When executing this code, you will notice that alerts will be given as soon as the temperature goes below 10:

Figure 1.7 – The resulting print output with alerts on temperature

Figure 1.7 – The resulting print output with alerts on temperature

This alert works only on the temperature, but you could easily add the same type of alert on pH. The following code shows how this can be done. The alert function could be updated to include a second business rule as follows:

Code block 1-5

def super_simple_alert(datapoint):
  if datapoint[‹temperature›] < 10:
    print('this is a real time alert. temp too low')
  if datapoint[‹pH›] > 5.5:
    print('this is a real time alert. pH too high')

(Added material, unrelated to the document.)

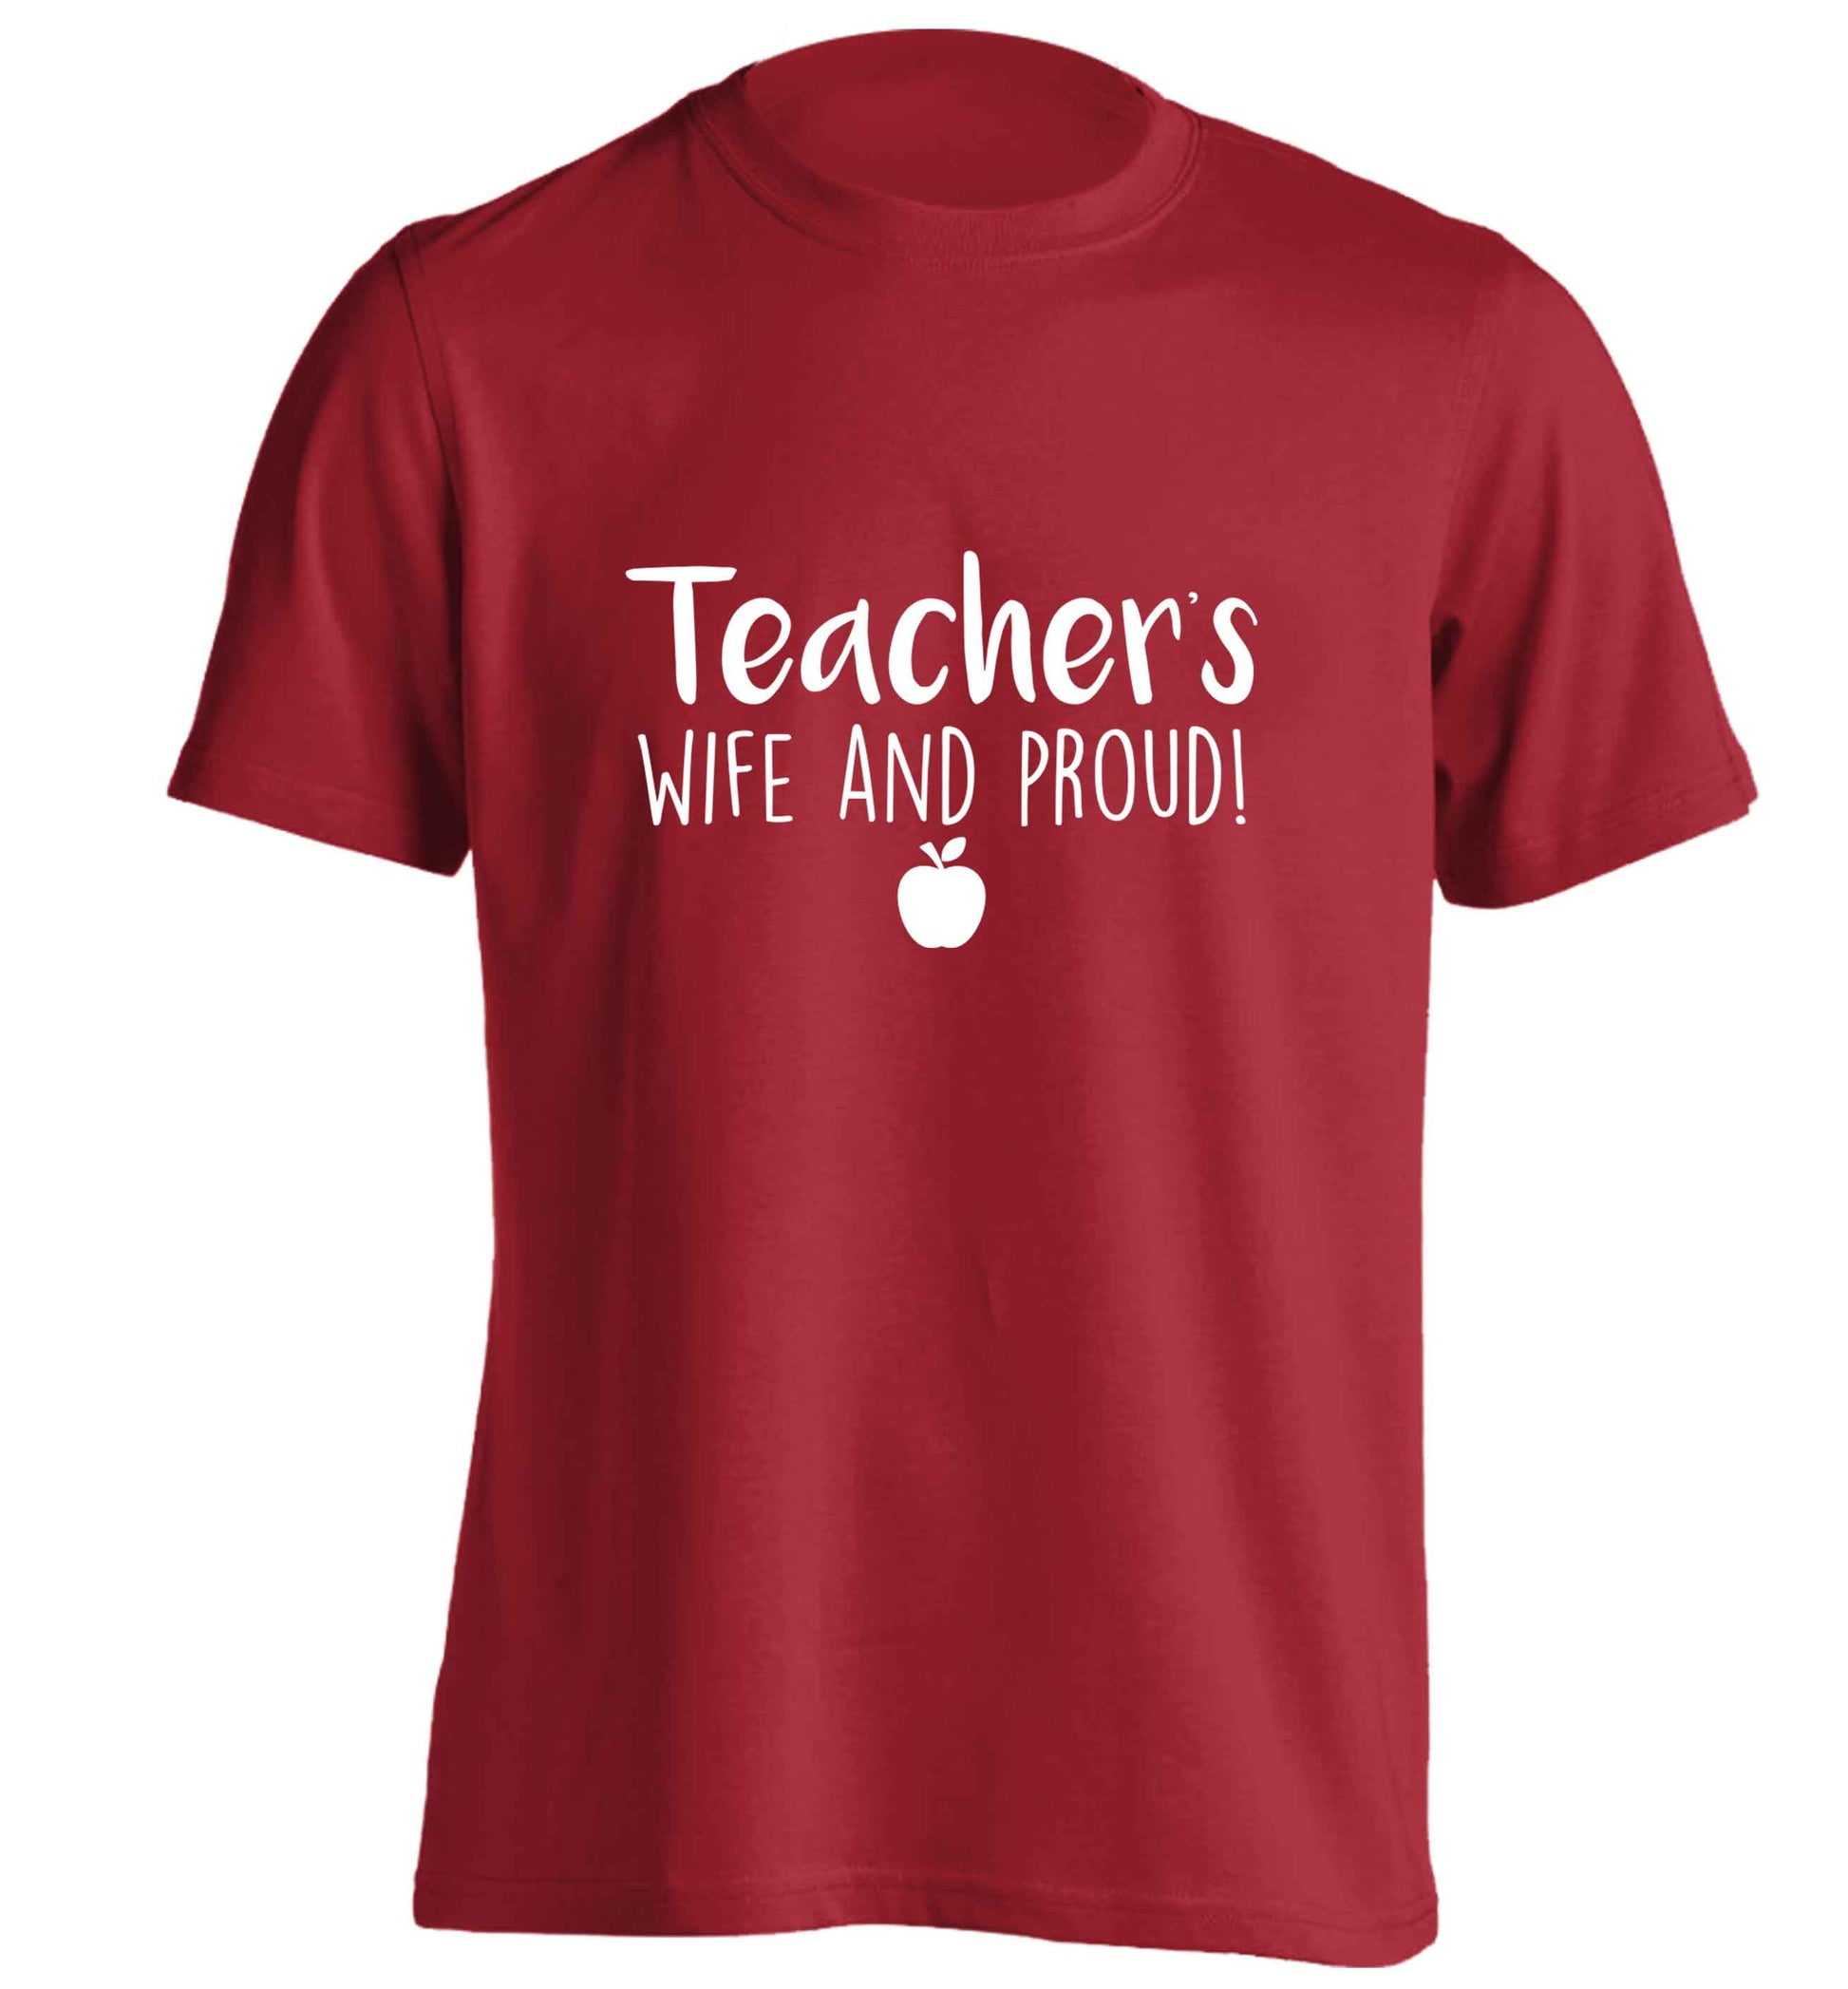 Teachers wife and proud adults unisex red Tshirt 2XL

Executing the function would still be done in exactly the same way:

Code block 1-6

data_iterable = data_batch.iterrows()
for i,new_datapoint in data_iterable:
  print(new_datapoint.to_json())
  super_simple_alert(new_datapoint)

You will see several alerts being raised throughout the execution on the example streaming data, as follows:

Figure 1.8 – The resulting print output with alerts on temperature and pH

Figure 1.8 – The resulting print output with alerts on temperature and pH

With streaming data, you have to decide without seeing the complete data but just on those data points that have been received in the past. This means that there is a need for a different approach to redeveloping algorithms that are similar to batch processing algorithms.

Throughout this book, you will discover methods that apply to streaming data. The difficulty, as you may understand, is that a statistical method is generally developed to compute things using all the data.